God sees all of us as we are, yet we sometimes see ourselves in comparison to what we see on the news or what we see online. We compare what we are facing to what someone else might be facing and we know it could always be worse. So we stuff down the anxiety and we push through harder. We might numb out with whatever brings relief and we forget that God is the helper right here.

One day I woke up with terrible back pain, twisted up and aching. I showed up at work and sat miserably at my desk for 8 hours and even with Motrin in my system, I still felt like Bruce Lee had dropped kicked me off the top of a 10 foot building. My patience was short and my fuse was shorter.  When I am hurting, everything seems terrible. It’s bad news bears and the dark cloud follows and remains. When the work day had come to an end, I groaned knowing my next job, mothering my two boys would begin. I buckled my seatbelt and on the way home I asked God to take the pain away. I asked again and then I stopped at a red light. The world kept spinning, but here at this stop light, this life moment paused, my soul was still.

I heard the whisper of God deep in my heart say to me, “Did you ask someone to pray for you?”

I swallowed hard. I did not.

My thoughts started to somersault. I can’t ask someone to pray for my stiff neck, that’s silly. There are people on this planet who are sick, dying, and diseased and they need healing. 

Light still red, I realized I was limiting my Father. I was limiting the amount of healing to be had. I was drawing lines in the sand of who deserves healing and who does not. The conviction made me sweat.

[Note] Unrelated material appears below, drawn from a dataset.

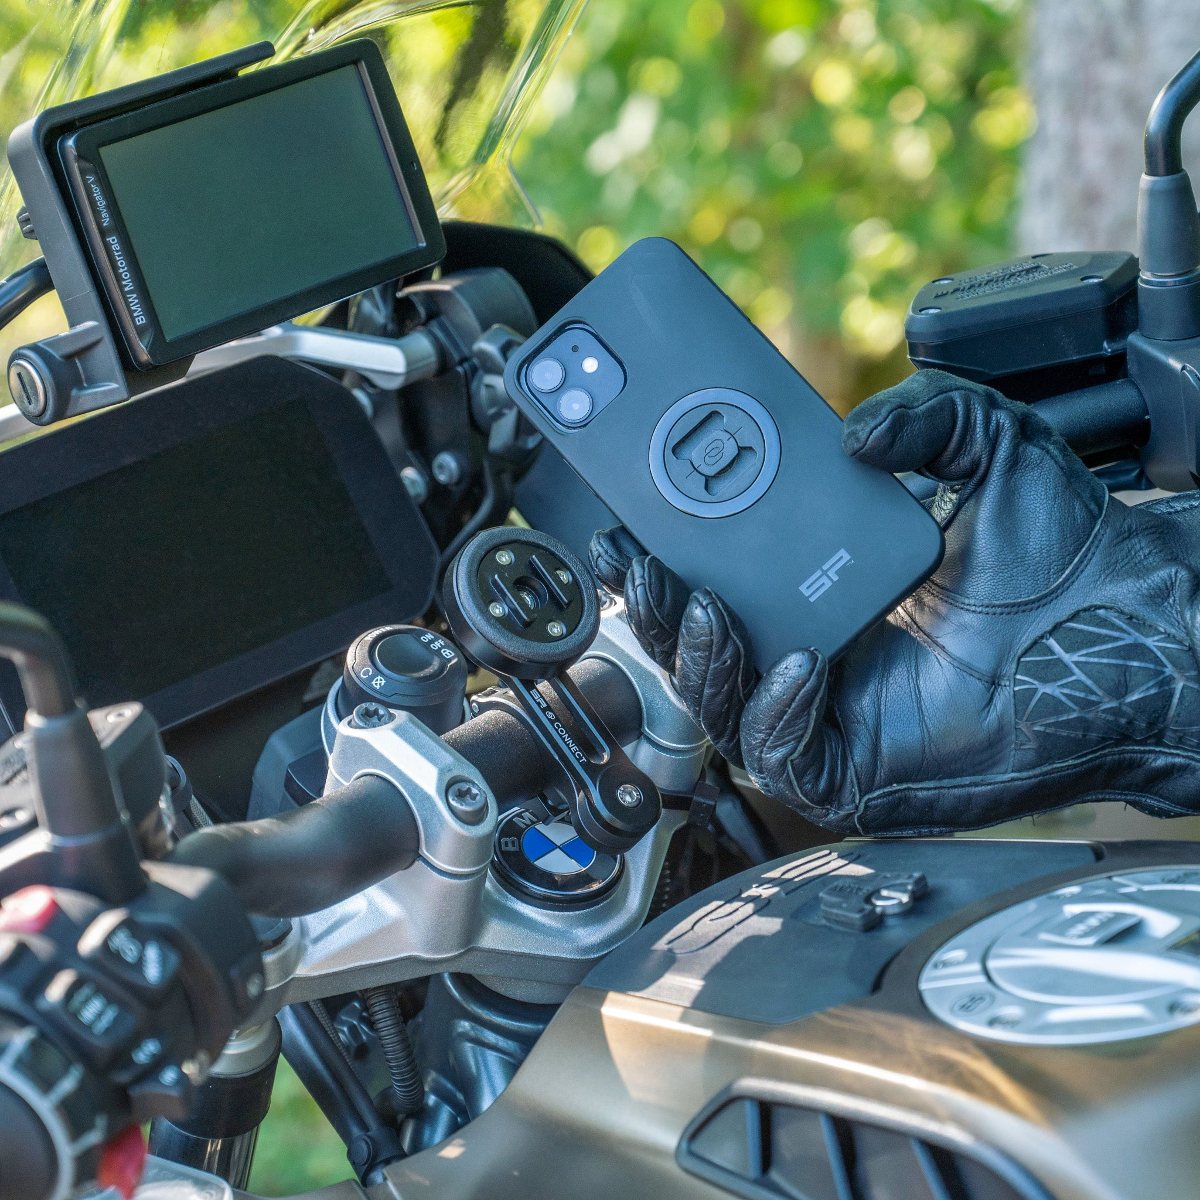 Amortisseur antivibration pour support téléphone - Équipement moto

“Who?” I asked out loud, sounding much braver than I felt.

And right then a name of a woman I know was impressed onto my heart. A hot tear rolled down my cheek which tends to happen when I feel God asking me to grow by way of making me more uncomfortable than any stiff neck and achy back could ever feel.

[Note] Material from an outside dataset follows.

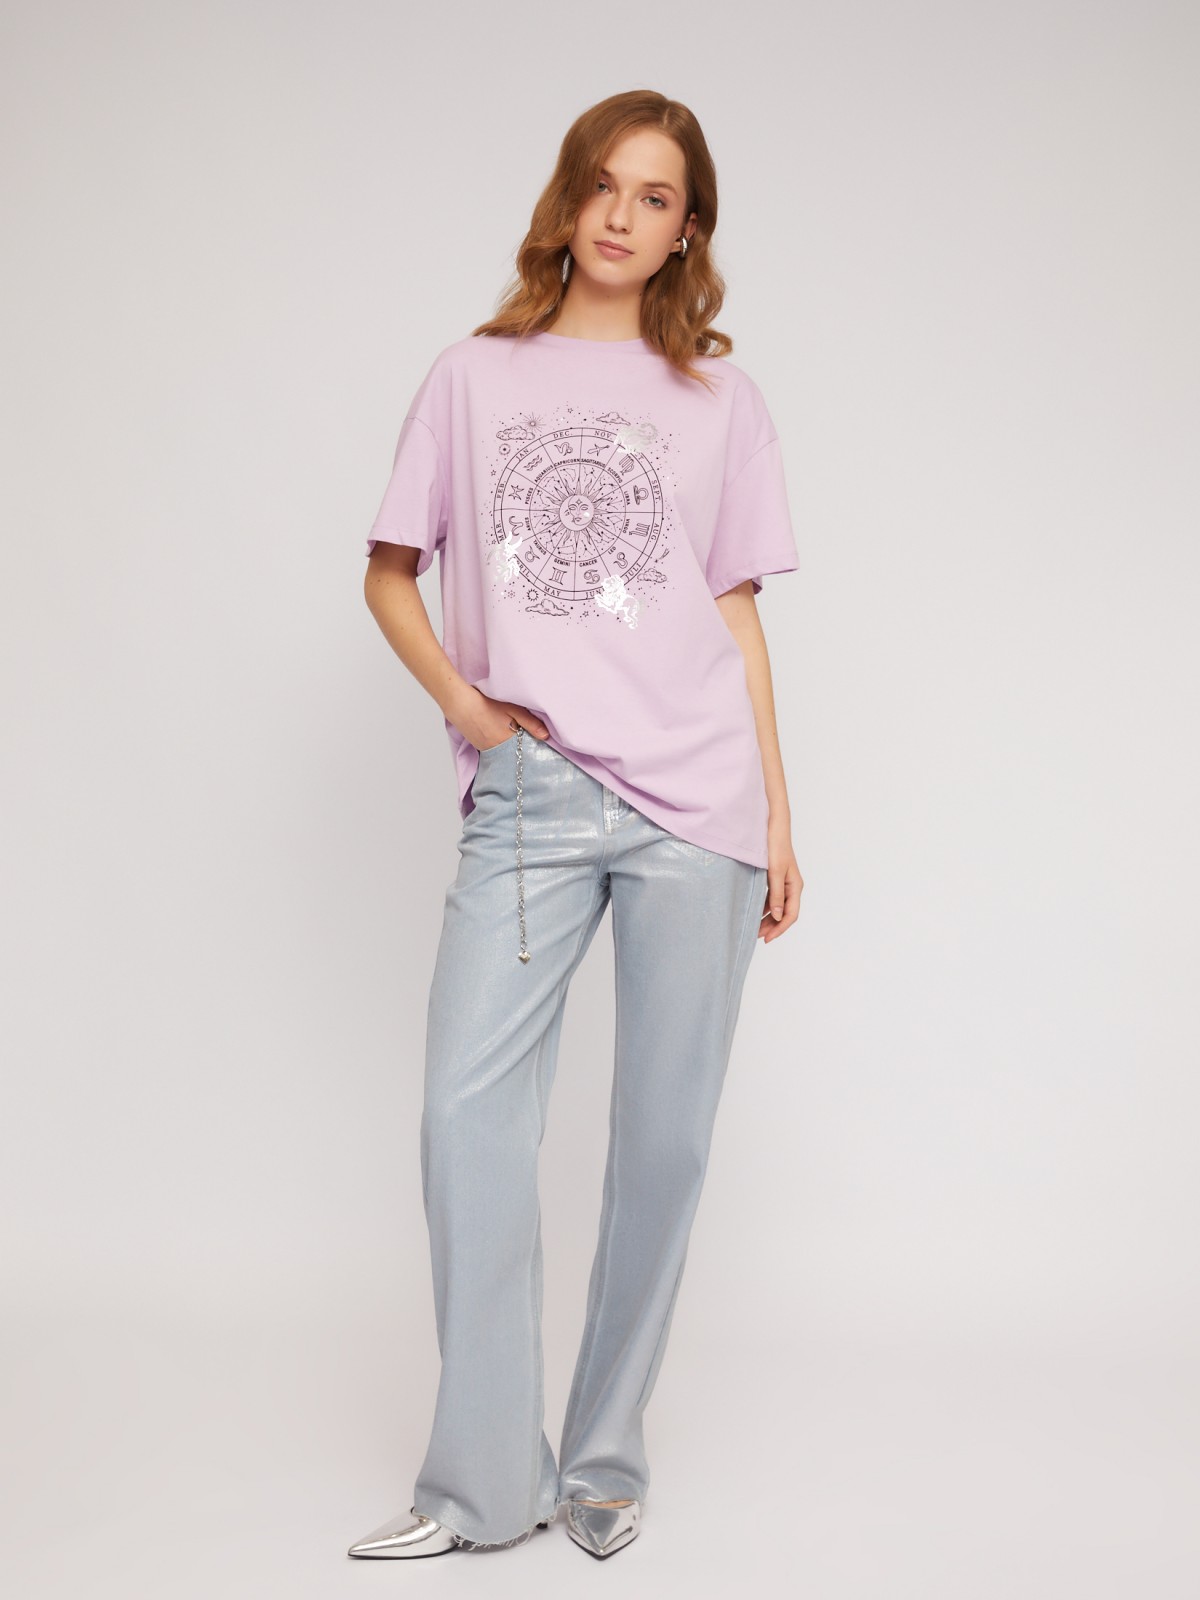 Трикотажная футболка из хлопка с принтом zolla N2424320W183, цвет лиловый, размер XS - фото 2

I picked up the phone and I started a voice message to my friend that went something like this: “Hey, it’s me. This is so weird and random, I know. But I’ve been in pain all day and I really don’t like myself when I feel like this, and I was wondering if maybe you aren’t too busy, if you could pray for the pain in my neck and my back to be taken. Sorry I’m weird and sorry if this made you feel uncomfortable too, but I asked God who should I ask to pray for me, and He whispered your name.”

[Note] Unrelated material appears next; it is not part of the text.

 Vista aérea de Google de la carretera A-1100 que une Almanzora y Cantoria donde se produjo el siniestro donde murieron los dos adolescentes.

The next ten minutes I drove home in silence, awkward silence. Did I really just ask my friend to pray for a stiff neck?

Right as I pulled into the driveway my phone alerted and I saw a voice message pop up from my friend. My thumb hit play and her message was a prayer of healing over my pain and over my heart. She said everything only the Holiest of Spirits would know to say. Another hot tear rolled down my cheek. With my head bowed in the car, sitting in my driveway, I felt a warmth come through my body from the top of my head, flooding down my spine, straight on through the tips of my toes and instantly the pain was gone. All the way gone. This time tears of relief and disbelief that God saw me burst from my eyes as gratitude bubbled up from a place that had been buried deep.

                  I won’t forget that day. I was hurting in a way that was affecting me personally and God saw that, He saw me. God saw that I needed help, but He was teaching me something very valuable. He taught me that even if He chose not to take the pain away that day, that He’s given me community that doesn’t get scared off when I ask them to pray for me. He’s taught me that He doesn’t compare my hard day to someone else’s hard day. He’s taught me that vulnerability with trusted friends deepens relationships and builds trust. But most importantly, He taught me that I don’t need to be in a crisis to ask for help.

                  I know that we are all facing this pandemic together, but that the way we are experiencing it varies greatly from one person to the next. I don’t know what you are walking through today, but I know Someone who does. And if you needed a friendly reminder, let it be known that you are a valued, seen, and loved child of God. He is the Helper. And He will put people on your path that can, will, and want to help. You just need to ask.

Psalm 54:4 | Behold, God is my helper; the Lord is the upholder of my life.